Recently the national clinical effectiveness committee released guidelines to help healthcare professionals assist adults to stop smoking. The guideline development group was chaired by Specialist in Public Health Medicine Dr Paul Kavanagh.
E-cigarettes are mentioned in the guidelines as “consumer products”, but they are not included in the recommendations. Speaking to the Medical Independent (MI) last month, Dr Kavanagh said that in other jurisdictions, such as the UK, medicines regulators were “increasingly interested” in taking on a role in regulation of e-cigarettes. He said if the HPRA was to regulate e-cigarettes in the future, the considerations of the guideline development group may be different.

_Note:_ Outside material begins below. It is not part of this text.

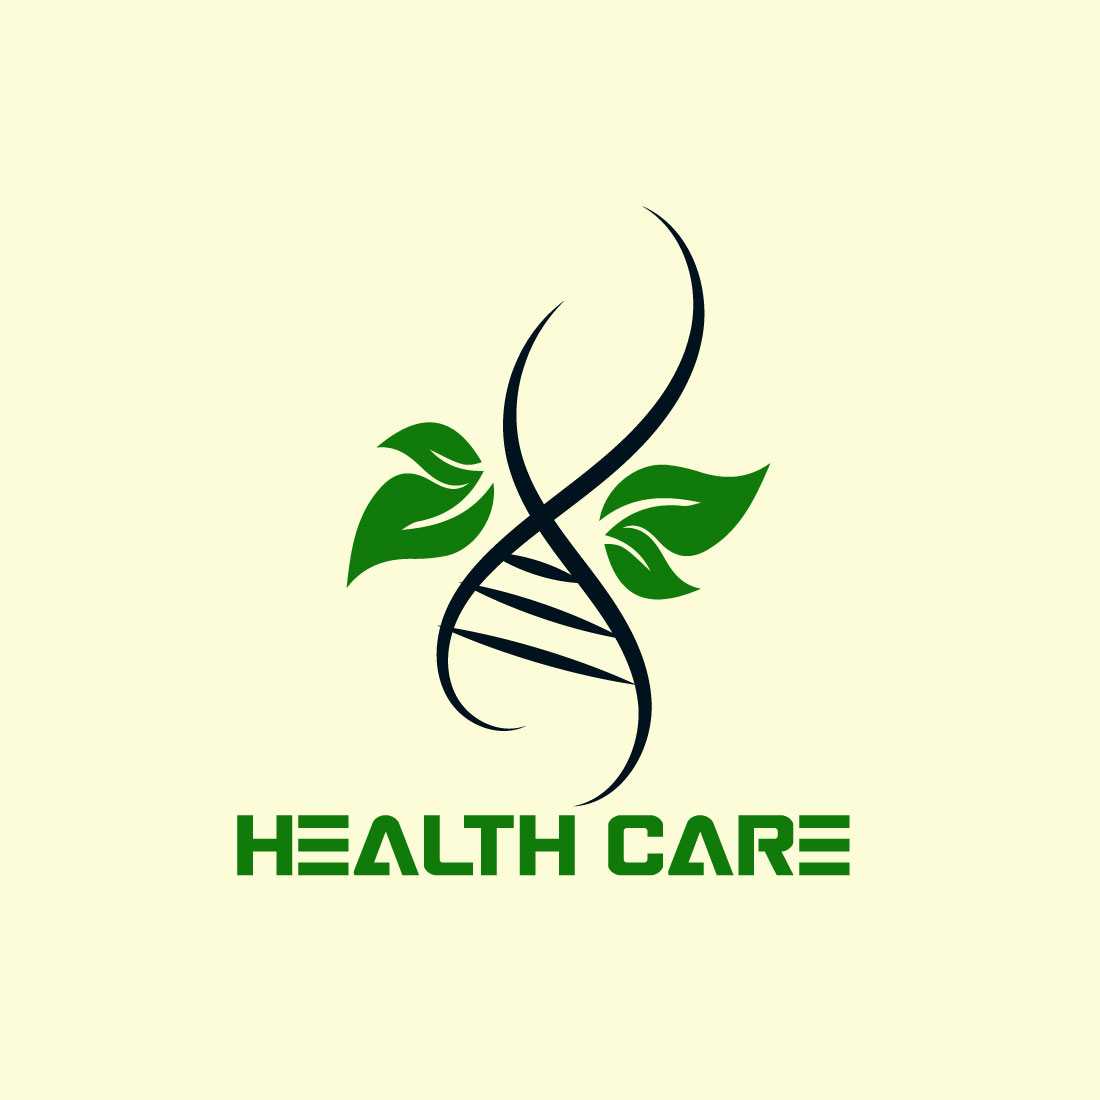 Free Health Center Logo cover image.

A HPRA spokesperson told MI there had been no authorisations of e-cigarettes as medicinal products in Ireland and no applications had been received to date.
Separately, last month the HSE highlighted that 1,300 referrals had been made to a programme supporting pregnant women in the south-east to quit smoking since it launched in January 2020.
The programme takes referrals of pregnant women (in addition to partners and family members) from the four maternity departments of acute hospitals in the south-east and from primary care and community services in counties Carlow, Kilkenny, South Tipperary, Waterford, and Wexford.
“Nearly half of pregnant women who set a quit date with their stop smoking service go on to quit successfully,” said Ms Kate Cassidy, Health and Wellbeing Officer in the HSE south-east community healthcare services. “No matter what stage you or your partner are at in your pregnancy, it is never too late to stop smoking.”